(Québec) Le premier ministre François Legault entend déposer une réforme parlementaire notamment pour limiter la durée d’étude des projets de loi à l’Assemblée nationale. Il a fait cette annonce contre toute attente vendredi, le jour où il a confirmé le recours à deux bâillons, une première en 10 ans, pour faire adopter au plus vite ses projets de loi sur la laïcité et l’immigration.

Selon lui, «il y aurait des risques pour la cohésion sociale» à «laisser traîner le débat» sur la laïcité. Appelé à préciser ce que sont ces «risques», il a répondu que le Québec «n’est pas à l’abri des extrémismes».

Pourtant, dans l’opposition, François Legault a réclamé de limiter le recours au bâillon. Dans un document adopté en novembre 2015, la Coalition avenir Québec fait valoir qu’«en court-circuitant la procédure parlementaire normale, le gouvernement coupe court aux débats nécessaires pour améliorer un projet de loi et s’assurer de sa conformité».  

«Un gouvernement de la Coalition Avenir Québec révisera la procédure parlementaire afin d’éviter son utilisation abusive (bâillon, projet mammouth, etc.) par le gouvernement dans l’adoption de lois», peut-on lire dans ce document sur la «réforme des institutions démocratiques».

Questionné pour savoir pourquoi ce qui était bon dans l’opposition ne l’est plus une fois au gouvernement, François Legault a reproché à La Presse de ne reprendre qu’un des éléments du document et a suggéré de «lire les autres pages qui avaient été déposées en 2015». Selon lui, limiter le recours au bâillon «suppose aussi de mettre des mécanismes pour ne pas que ça s’éternise en commission parlementaire. Et ça aussi, c’était dans nos propositions».

Après vérification, il n’y a aucune proposition dans le document pour limiter la durée d’étude des projets de loi en commission parlementaire.

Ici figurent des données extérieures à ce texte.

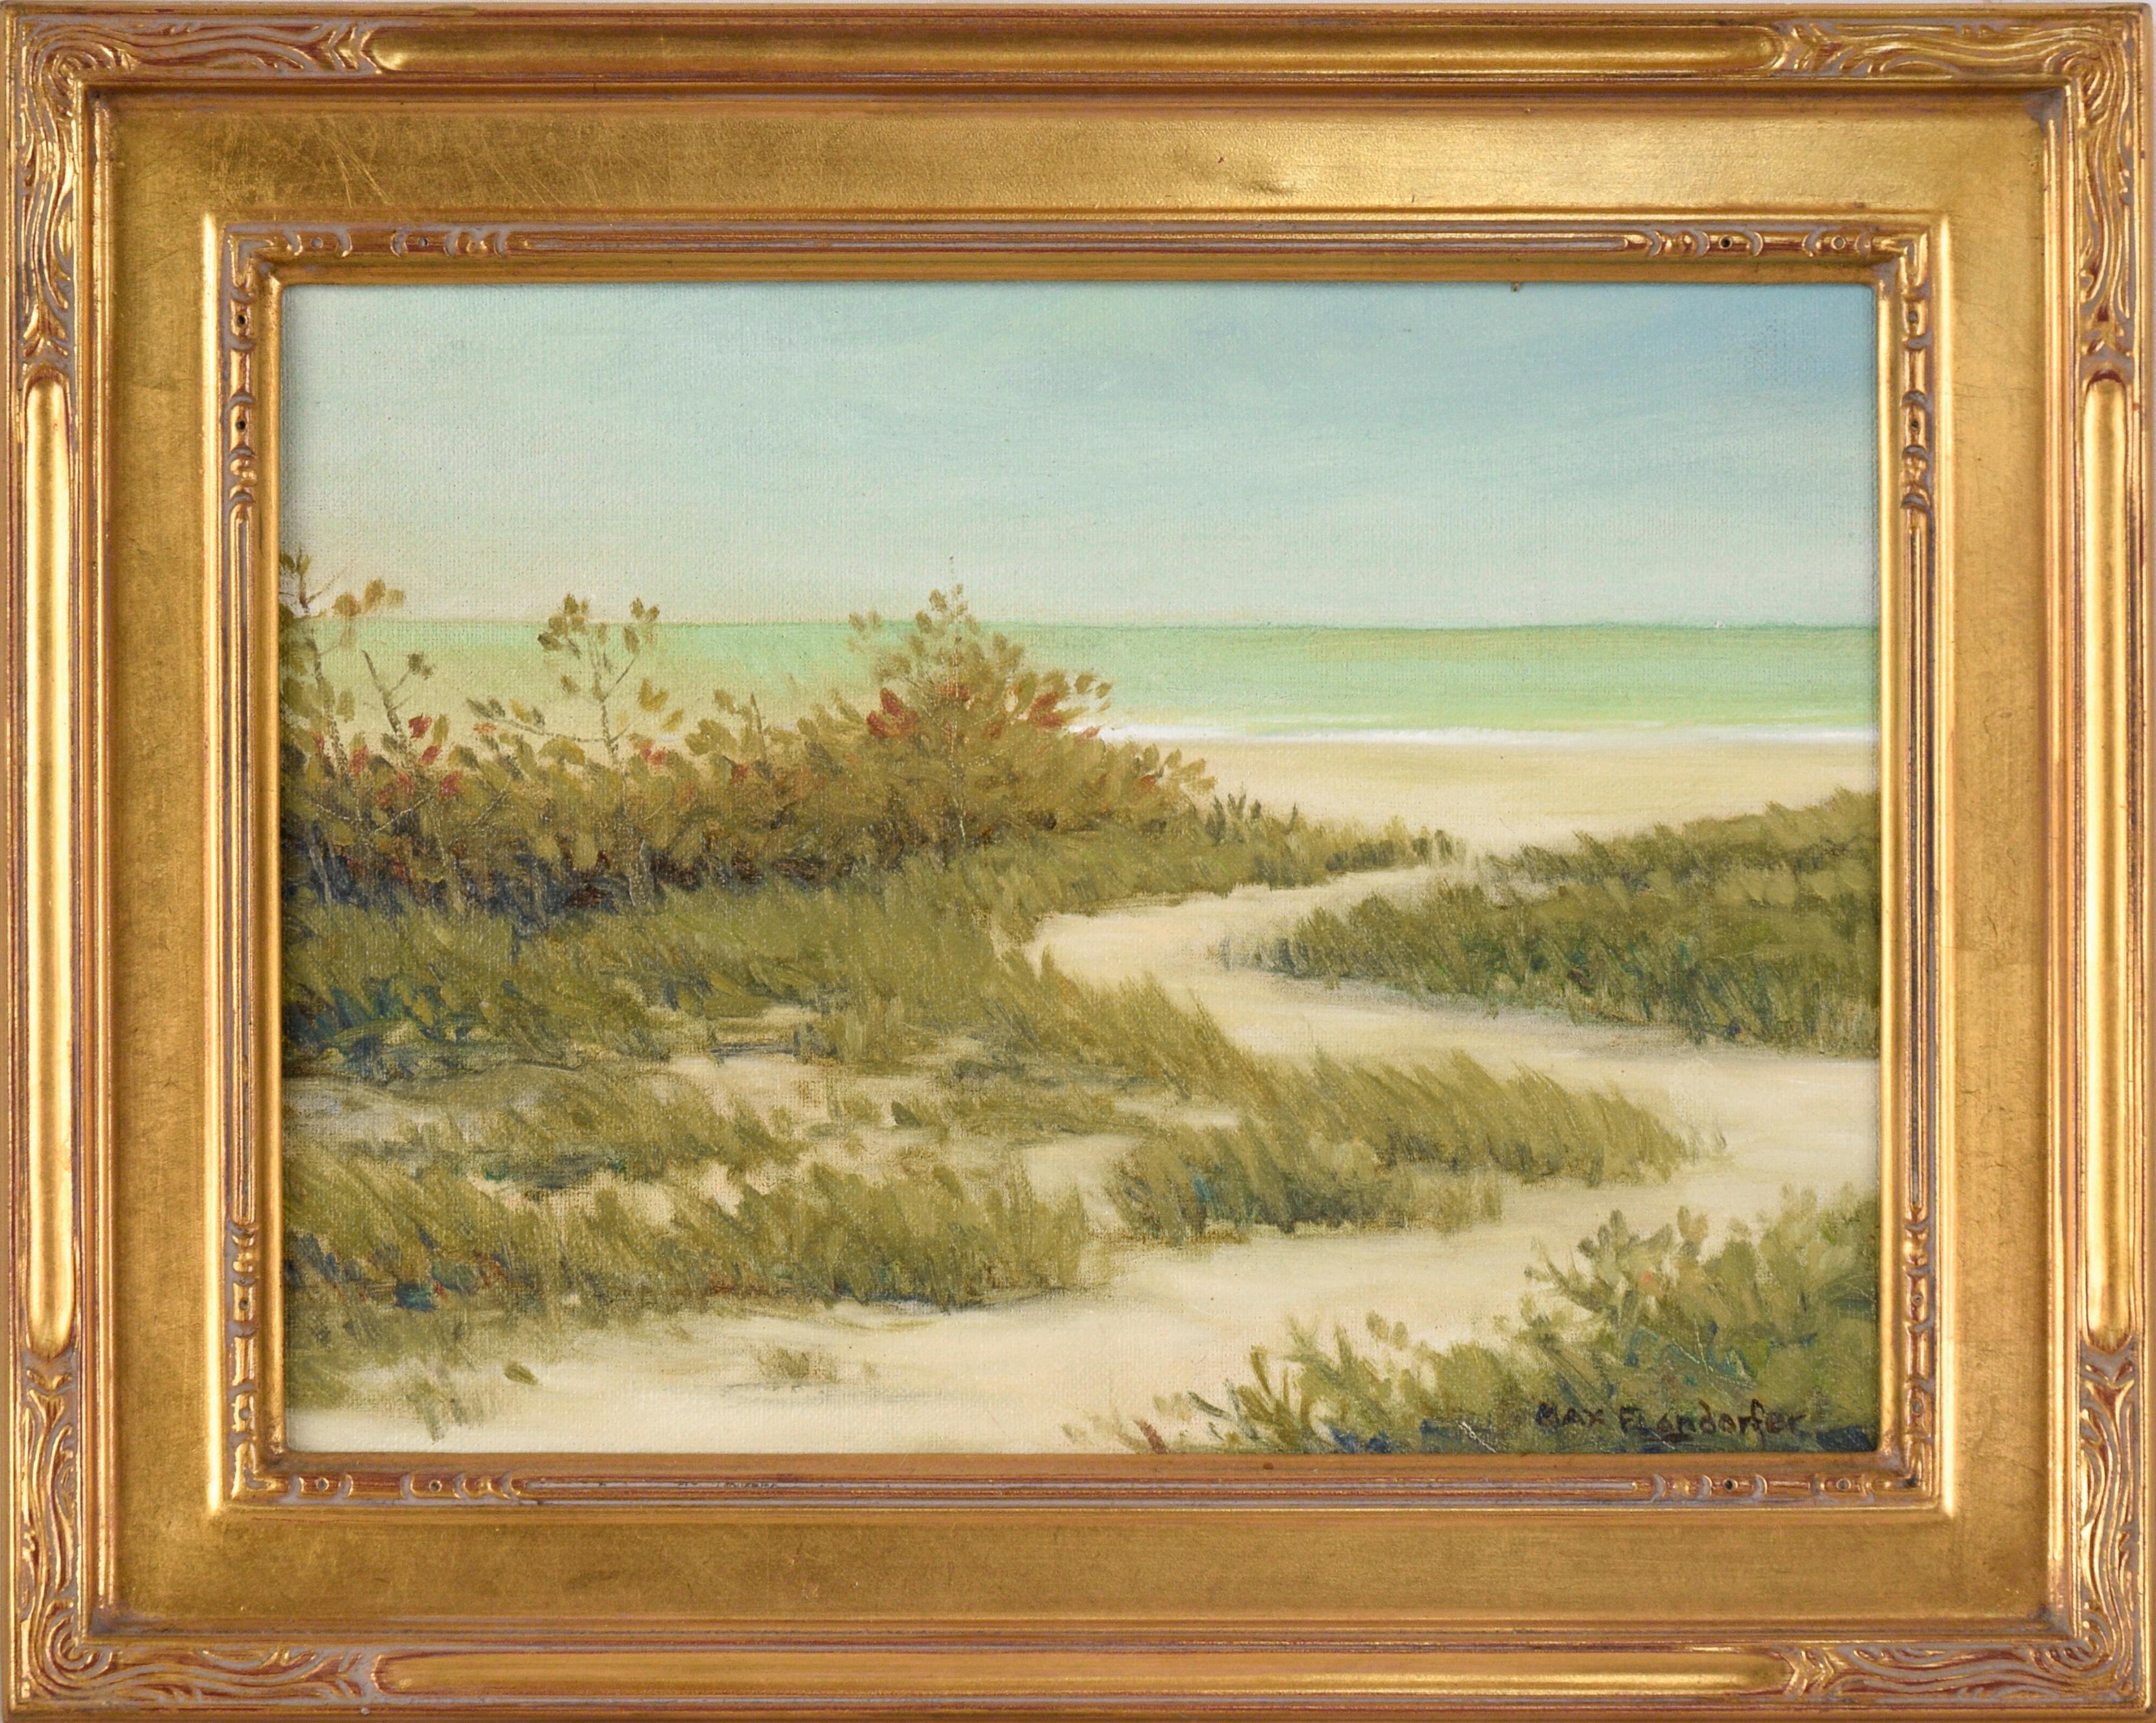 Max Flandorfer Landscape Painting - "Southern Beach" Coastal Landscape in Oil on Canvas
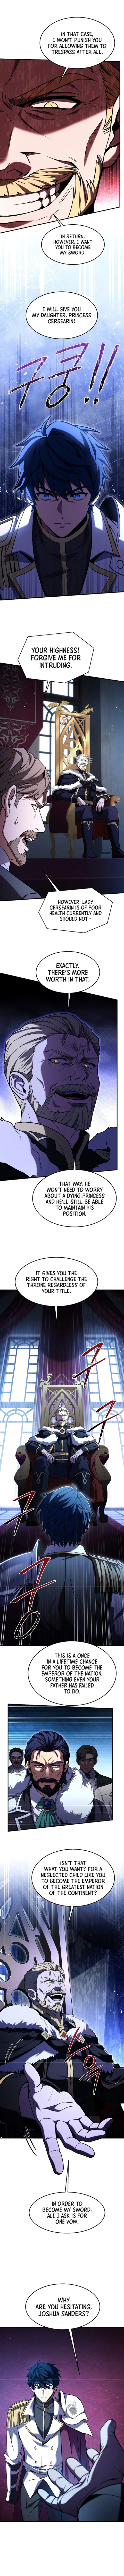 Return of the Legendary Spear Knight - Chapter 97 Page 3

Le gouvernement cherchait toujours, au moment de mettre en ligne, où se trouve la proposition évoquée par le premier ministre.

Quoi qu’il en soit, François Legault a annoncé que son leader parlementaire, Simon Jolin-Barrette, travaillera à une réforme du fonctionnement du parlement, dossier qu’il a qualifié d’«important». Il fixera «en temps et lieu» le moment exact du dépôt de cette réforme.

«Lors de la présentation des projets de loi, il y a beaucoup de perte de temps. Il y a un problème d’efficacité. C’est la remarque que j’entends le plus chez les nouveaux députés», a-t-il souligné. Selon lui, «bien souvent», les discours faits par l’opposition «ne sont pas constructifs» et servent seulement à écouler du temps. Il faut changer la procédure parlementaire pour «s'assurer d’avoir un vrai débat» mais pour, «un moment donné, être capable de conclure». «On pourrait peut-être fixer un certain nombre d’heures et après passer au vote, sans bâillon.» Il a évoqué «une limite de 50 heures» - les projets de loi sur la laïcité et l’immigration sont à l’étude depuis plus de 60 heures.

«S’il y a un filibuster en commission parlementaire qui s’éternise, il faut quand même conclure, surtout avec un gouvernement qui est majoritaire», a plaidé M. Legault.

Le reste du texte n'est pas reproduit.